──────── Dataset section ────────

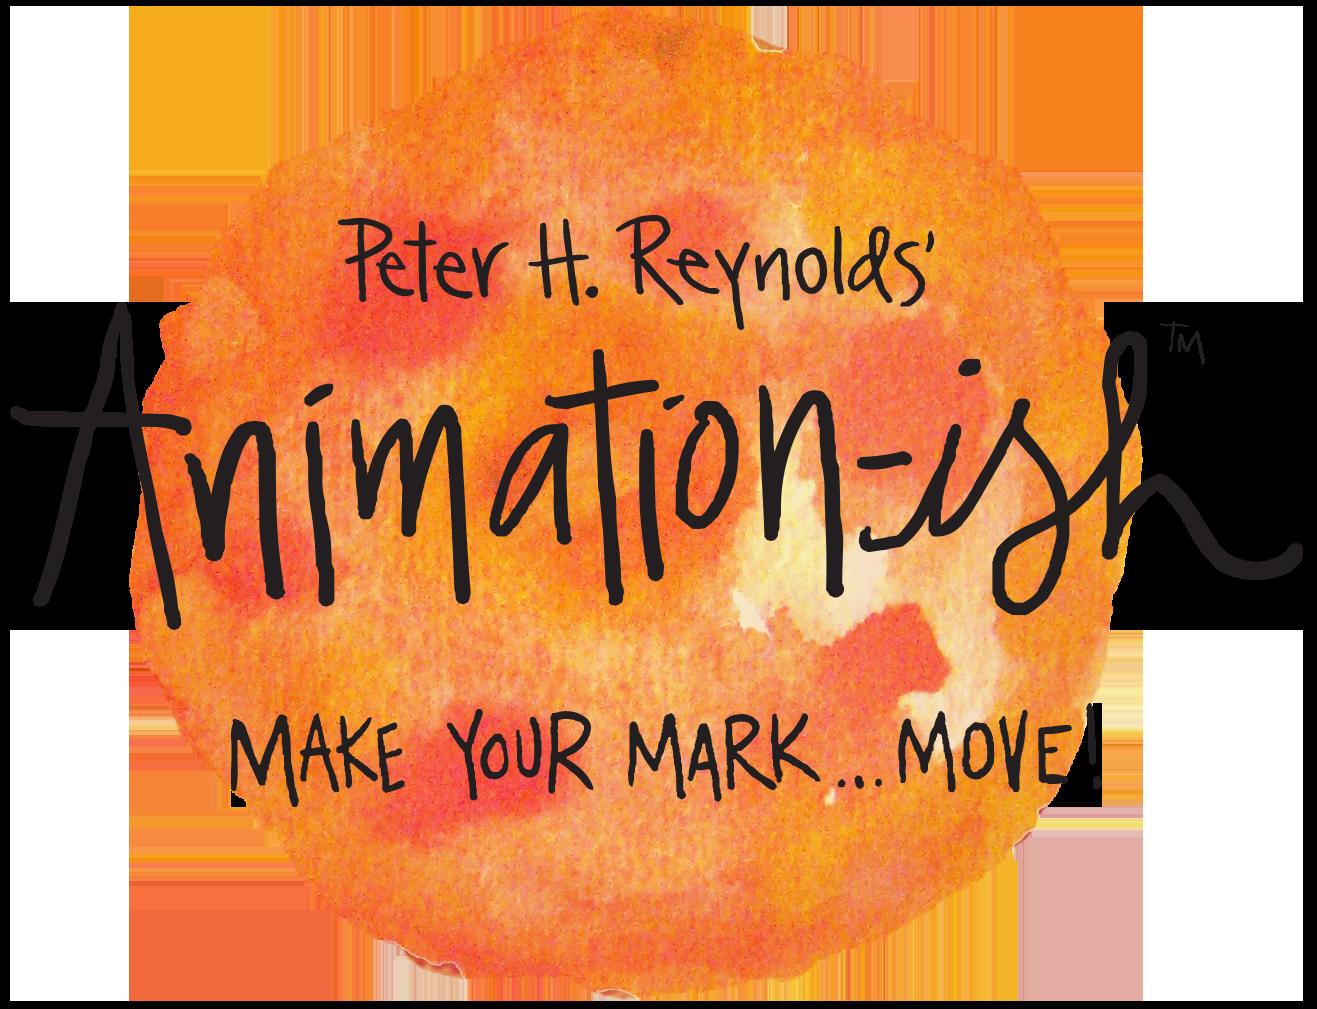 Animation-ish_logo.png
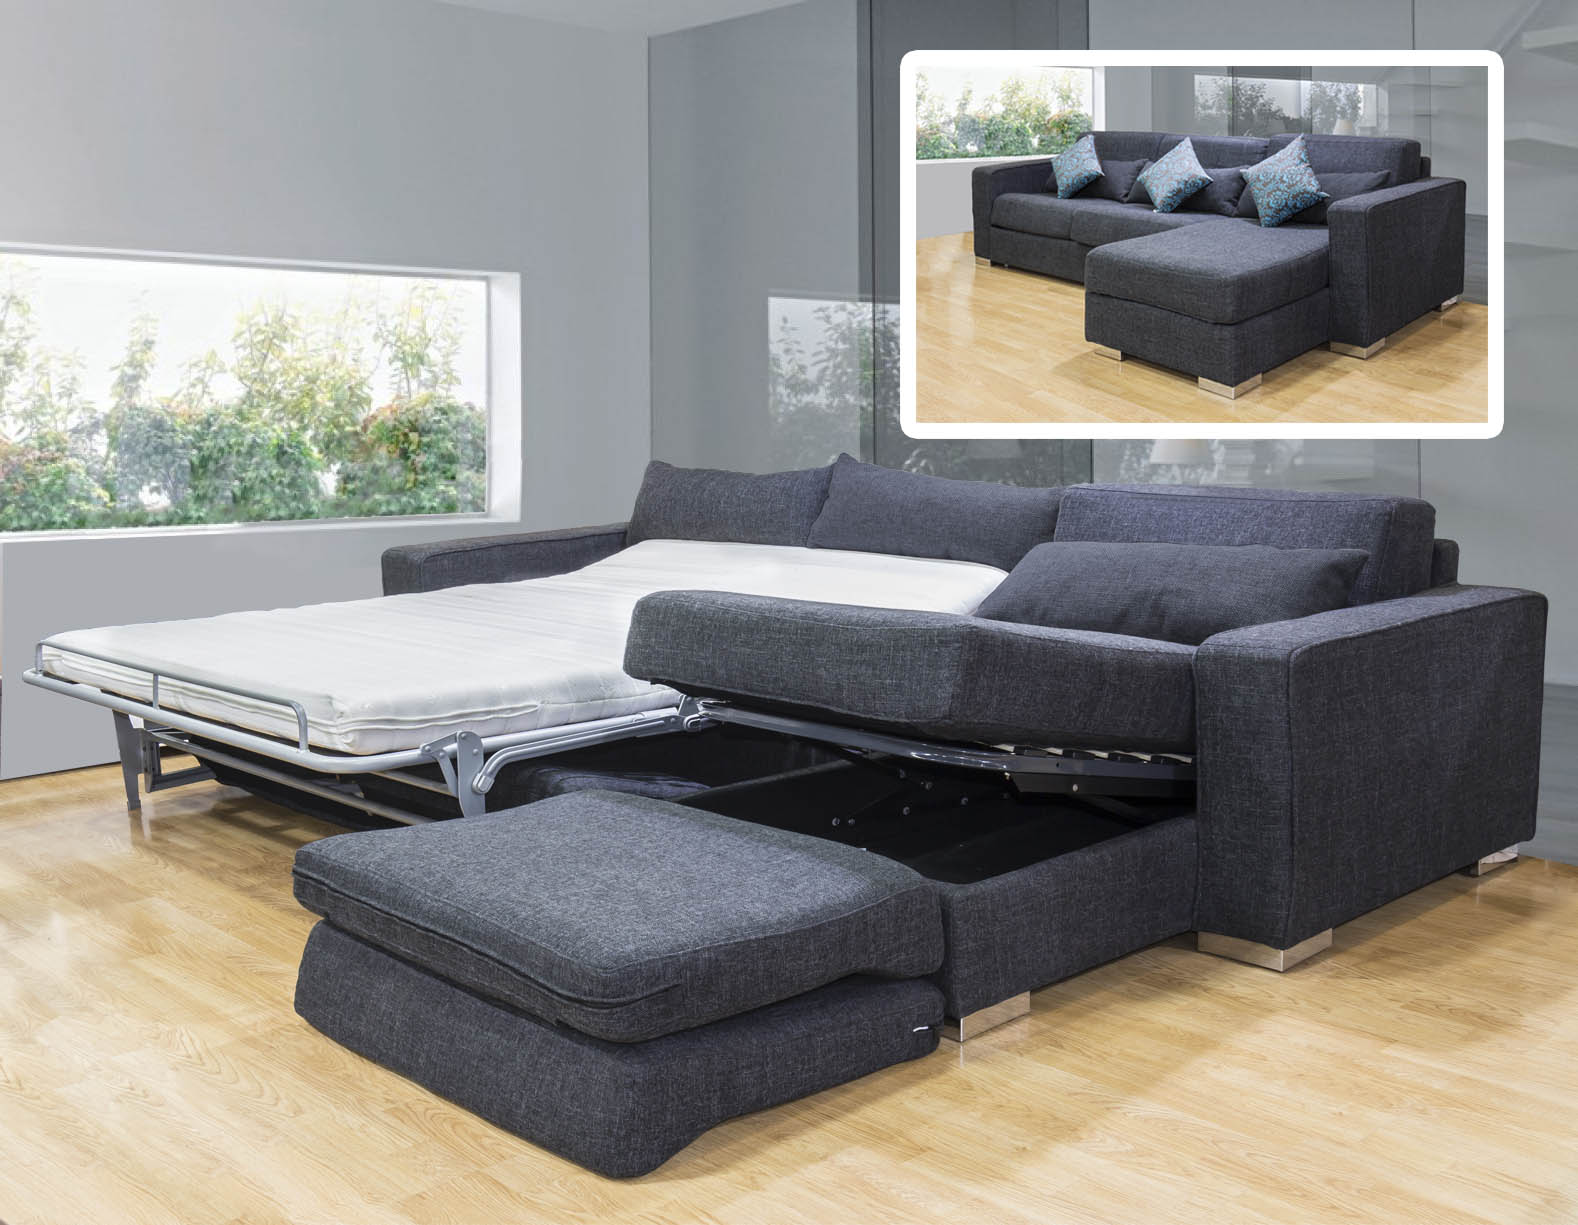 Muebles sofa cama lima 20170830094545 for Cama cama cama
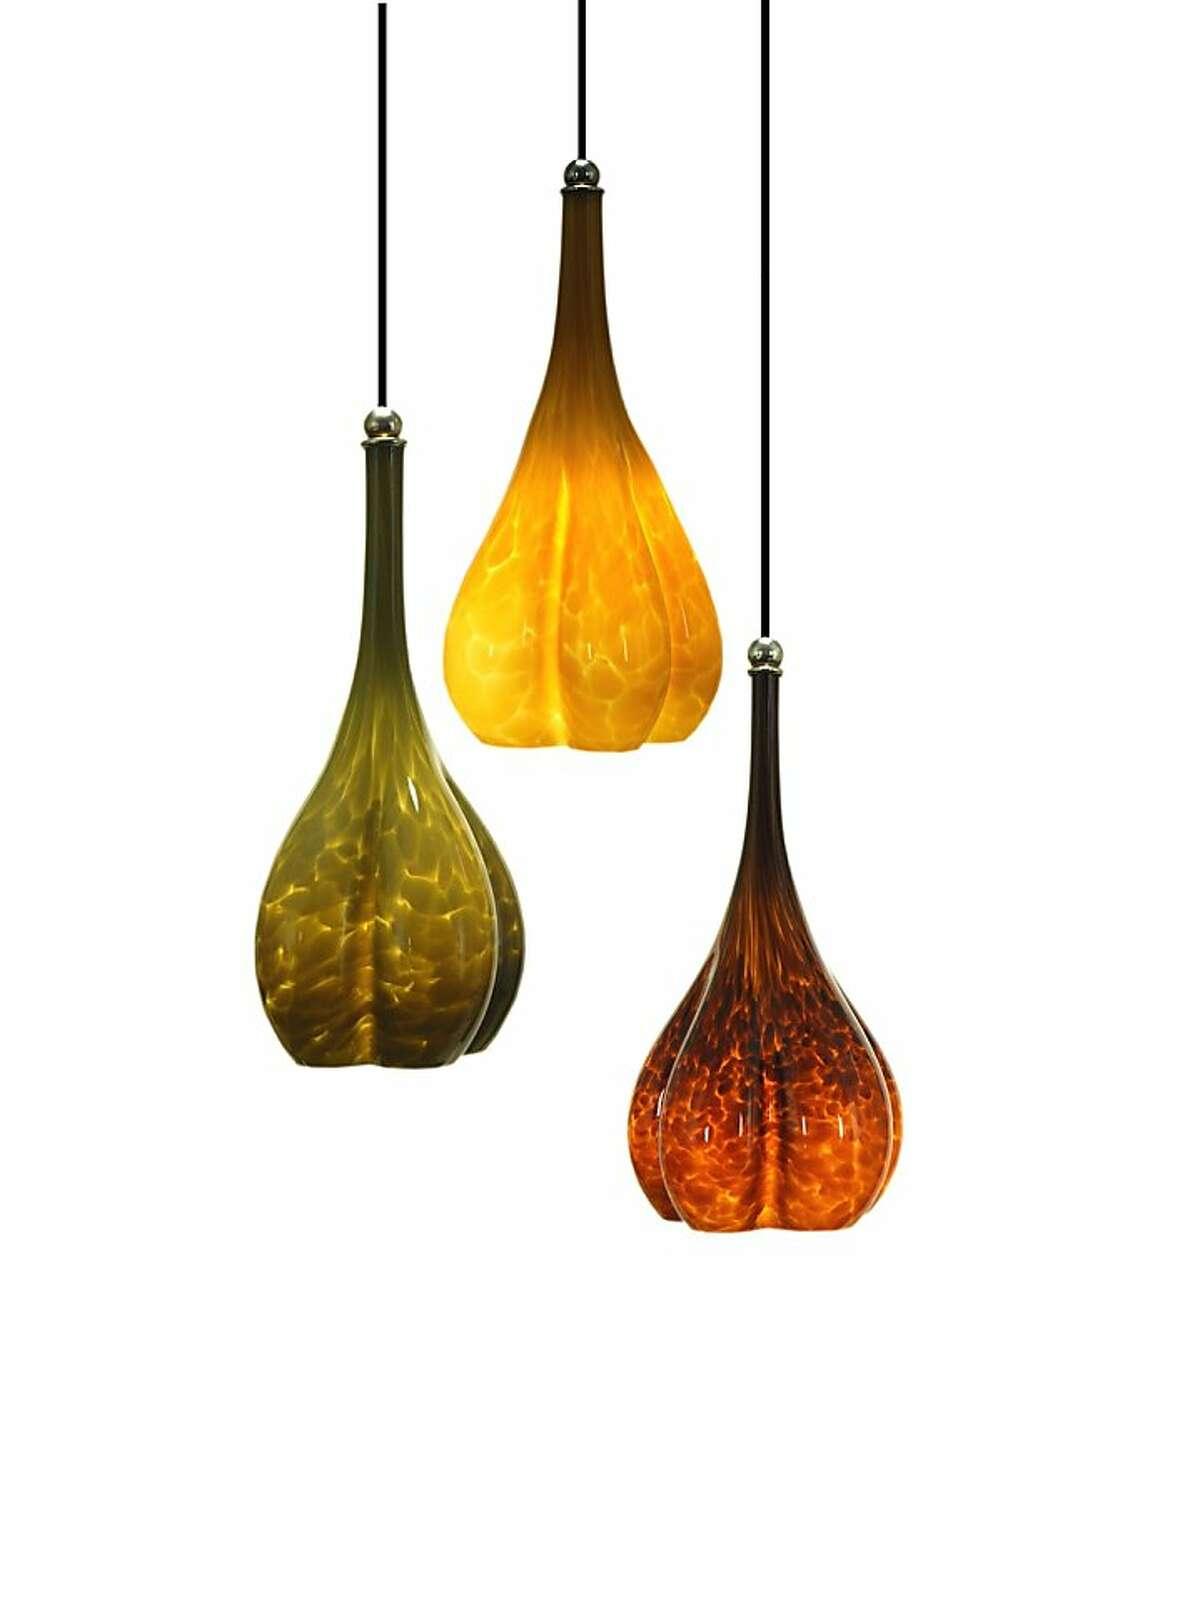 Light fixtures from Union Street Glass.

────────

-- Exercise --
Your answer should contain all the material above, written out exactly, and none of the pictures.

-- Answer box --
 Animation-ish_logo.png
 Muebles sofa cama lima 20170830094545 for Cama cama cama
 Light fixtures from Union Street Glass.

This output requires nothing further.